**ABOUT THIS TASK**: Using the records below, give the number of lines where the string "este" shows up. Add nothing to it.

**EXTRACTED MATERIAL**:
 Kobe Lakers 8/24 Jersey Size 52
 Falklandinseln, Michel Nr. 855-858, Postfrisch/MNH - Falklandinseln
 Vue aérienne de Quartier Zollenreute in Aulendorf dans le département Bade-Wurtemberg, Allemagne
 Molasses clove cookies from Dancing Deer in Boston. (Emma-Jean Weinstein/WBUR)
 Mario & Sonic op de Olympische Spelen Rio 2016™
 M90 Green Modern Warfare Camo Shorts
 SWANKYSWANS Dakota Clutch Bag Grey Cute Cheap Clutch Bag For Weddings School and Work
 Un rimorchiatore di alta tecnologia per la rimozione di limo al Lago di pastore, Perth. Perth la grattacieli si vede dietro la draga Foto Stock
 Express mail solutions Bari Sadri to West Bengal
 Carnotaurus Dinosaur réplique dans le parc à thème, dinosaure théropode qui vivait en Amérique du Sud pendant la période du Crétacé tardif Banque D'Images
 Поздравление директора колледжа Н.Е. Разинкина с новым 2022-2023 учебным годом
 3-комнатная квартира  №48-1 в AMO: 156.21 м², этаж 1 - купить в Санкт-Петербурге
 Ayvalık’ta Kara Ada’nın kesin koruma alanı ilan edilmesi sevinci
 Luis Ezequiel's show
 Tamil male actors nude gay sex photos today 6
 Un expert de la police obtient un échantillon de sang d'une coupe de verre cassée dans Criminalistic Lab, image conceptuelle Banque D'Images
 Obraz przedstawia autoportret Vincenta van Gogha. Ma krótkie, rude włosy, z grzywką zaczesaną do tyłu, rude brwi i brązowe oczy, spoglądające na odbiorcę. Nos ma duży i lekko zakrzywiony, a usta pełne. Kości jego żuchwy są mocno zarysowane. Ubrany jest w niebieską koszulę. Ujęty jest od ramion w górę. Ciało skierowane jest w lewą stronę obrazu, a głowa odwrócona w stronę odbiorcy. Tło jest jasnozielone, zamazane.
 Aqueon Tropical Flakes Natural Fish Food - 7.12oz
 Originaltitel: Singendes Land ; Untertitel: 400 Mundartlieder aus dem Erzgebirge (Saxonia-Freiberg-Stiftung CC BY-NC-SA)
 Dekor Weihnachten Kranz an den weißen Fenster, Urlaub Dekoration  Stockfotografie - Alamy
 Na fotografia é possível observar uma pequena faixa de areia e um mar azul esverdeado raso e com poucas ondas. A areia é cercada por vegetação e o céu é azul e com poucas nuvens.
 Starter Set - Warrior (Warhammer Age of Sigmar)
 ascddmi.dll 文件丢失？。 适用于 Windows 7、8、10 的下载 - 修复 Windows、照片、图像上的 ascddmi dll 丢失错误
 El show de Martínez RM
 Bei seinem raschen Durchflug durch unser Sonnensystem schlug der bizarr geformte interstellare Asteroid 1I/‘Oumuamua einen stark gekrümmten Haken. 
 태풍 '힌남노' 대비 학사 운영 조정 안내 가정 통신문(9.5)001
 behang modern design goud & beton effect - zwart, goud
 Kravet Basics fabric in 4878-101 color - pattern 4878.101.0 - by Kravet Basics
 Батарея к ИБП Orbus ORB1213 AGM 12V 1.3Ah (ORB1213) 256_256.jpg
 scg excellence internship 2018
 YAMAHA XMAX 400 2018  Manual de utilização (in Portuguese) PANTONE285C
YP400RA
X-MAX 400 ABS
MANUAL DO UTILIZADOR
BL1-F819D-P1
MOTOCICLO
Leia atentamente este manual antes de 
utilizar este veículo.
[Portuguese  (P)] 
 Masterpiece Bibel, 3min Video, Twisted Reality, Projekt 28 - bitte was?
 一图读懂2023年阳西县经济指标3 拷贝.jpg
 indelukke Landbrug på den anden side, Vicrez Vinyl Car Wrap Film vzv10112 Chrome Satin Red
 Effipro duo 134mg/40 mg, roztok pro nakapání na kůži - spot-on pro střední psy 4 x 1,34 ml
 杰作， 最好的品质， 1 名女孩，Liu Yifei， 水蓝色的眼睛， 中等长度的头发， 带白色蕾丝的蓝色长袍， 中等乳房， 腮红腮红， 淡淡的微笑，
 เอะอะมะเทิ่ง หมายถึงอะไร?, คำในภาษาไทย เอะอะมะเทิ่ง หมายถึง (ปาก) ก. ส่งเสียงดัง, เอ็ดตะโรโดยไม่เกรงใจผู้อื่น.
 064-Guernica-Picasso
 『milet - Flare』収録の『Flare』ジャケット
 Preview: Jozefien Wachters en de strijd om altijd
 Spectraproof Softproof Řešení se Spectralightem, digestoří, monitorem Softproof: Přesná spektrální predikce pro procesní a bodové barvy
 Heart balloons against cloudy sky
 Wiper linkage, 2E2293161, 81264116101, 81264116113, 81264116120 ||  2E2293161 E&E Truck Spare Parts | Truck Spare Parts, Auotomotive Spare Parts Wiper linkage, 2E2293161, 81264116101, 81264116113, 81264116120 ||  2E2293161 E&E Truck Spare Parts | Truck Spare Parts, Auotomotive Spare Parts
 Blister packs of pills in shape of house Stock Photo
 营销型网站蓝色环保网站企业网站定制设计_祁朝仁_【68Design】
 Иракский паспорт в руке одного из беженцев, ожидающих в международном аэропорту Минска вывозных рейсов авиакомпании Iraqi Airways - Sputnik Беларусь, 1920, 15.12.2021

**WORKED SOLUTION**: 2